They just realized very early which way to go. If others (AMD, Intel) saw writing on the wall earlier, we would have had competition. This way, it will take years for them to catch up.
Wrong. AMD had HSA based SoC back ten years ago. The problem with this approach is the Memory is Fixed width, a.k.a not expandable or scalable. The M1 has a subset of processes and applications spaces it shows promise in single core performance.
In reality, every applications running today is multi-core/multithreaded and large applications that require large data sets and are memory and computational intensive this CPU will not be used on. It would crash.
We have a fixed 16GB shared memory space. That's it. I routinely run 30GB rendering samples. This CPU would crash in Blender.
AAA games now requiring 12GB in dedicated VRAM for 4K Godsplay this CPU would crash and lock up the entire system.
These systems are disposable consumable, low power, low processing little efficient boxes for basic Web Browsing, Office Work. Heavy intensive, high core/high thread, memory intensive applications that thrive the more resources you throw at them--Computational Fluid Dynamics, Finite Element Analysis, large data sets that need to be stored in memory none of these and more will work with the M1.
If you're betting this solution has some linear scalable 1:1 capability of adding more cores, more shared memory as if the memory is limited on the SoC by your imagination then you'll be sorely disappointed.

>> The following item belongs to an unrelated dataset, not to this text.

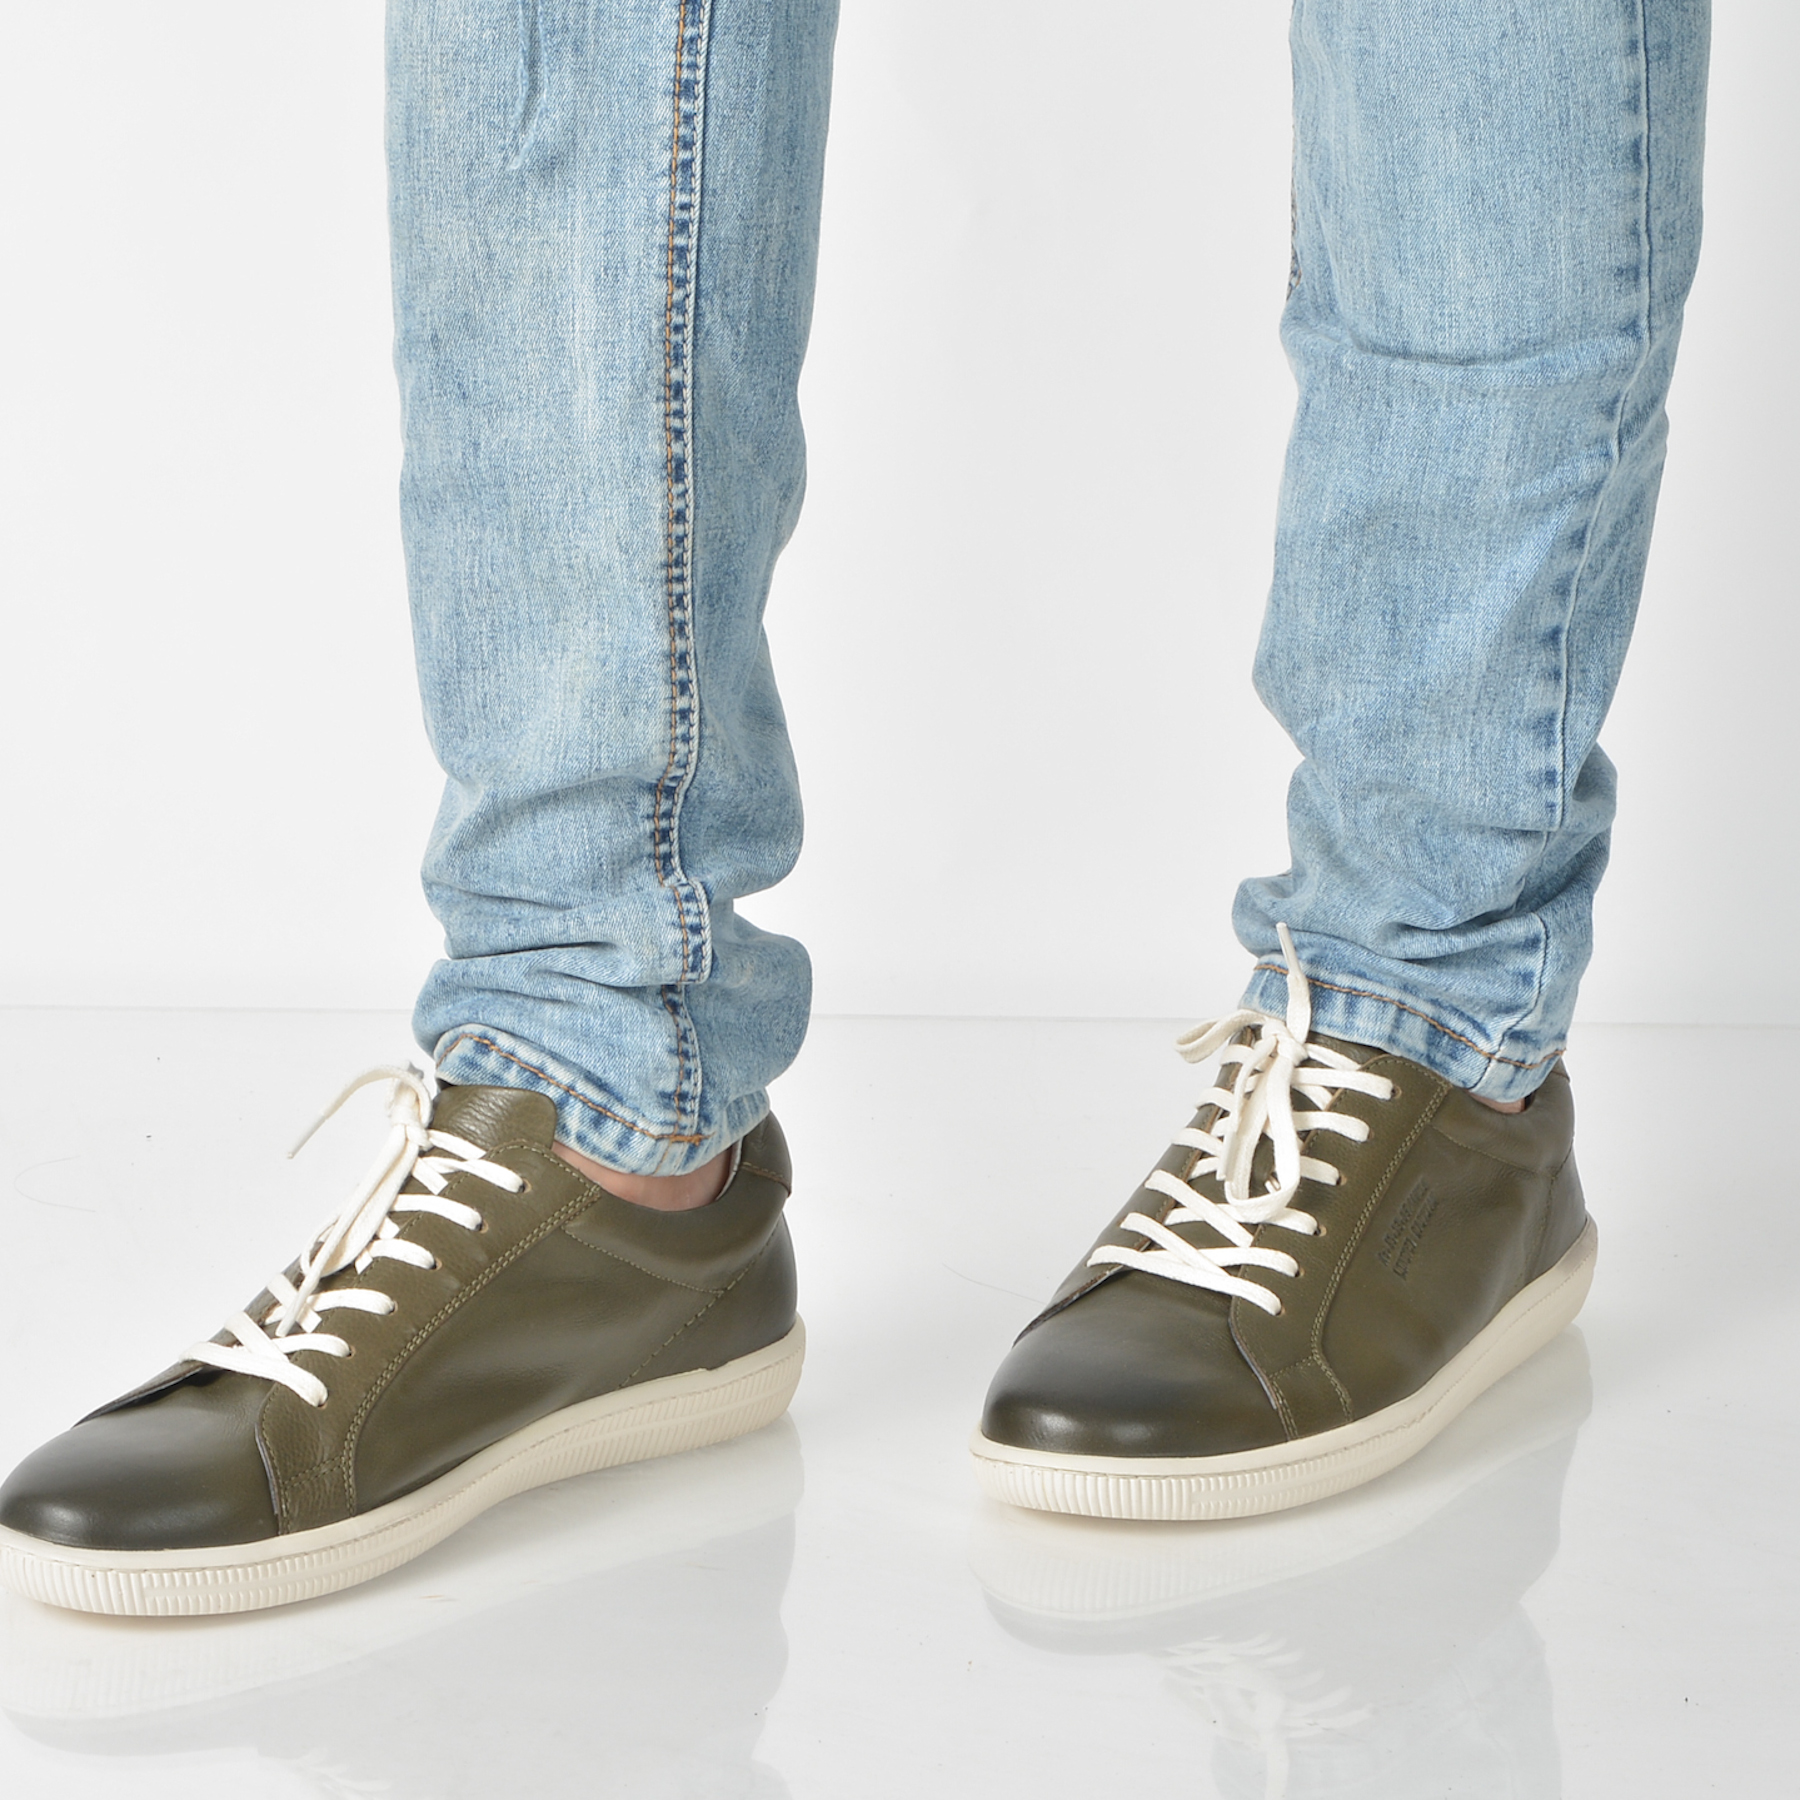 Pantofi Otter Kaki, 4240, Din Piele Naturala

Back in 2019 when Apple Demoed the Mac Pro onstage with 1024 channel strips running a full 100 unit orchestra w/o taxing a 28 core Xeon with 56 threads, an Afterburner and Dual Radeon Pro Duos with 128GB of HBM memory they could max Logic Pro [X at the time 10.5] without barely pushing all 28 cores, but it utilized all 28 cores.
That same score wouldn't even load in any of today's or for years to come M series SoCs. They'll have to offer a completely different Workstation class set of chips for that to ever become a reality.
By the way, AMD's Zen 4 is including their own Neural Engine FPGAs drawing upon the Xilinx merger, their own Tensor Cores, RDNA 3.0 based 5nm fab SoC that won't be limited to 16/32/64/128GB of HBM2e memory [that they can leverage even now seeing as they were first to market to use such]. Zen has a present limit of 2TB and the Zen 4 on DDR5/LPDDR5 will expand that memory footprint for the supercomputing markets, big data center markets.
People seem to delude themselves that this SoC is the future when it's a specialized solution.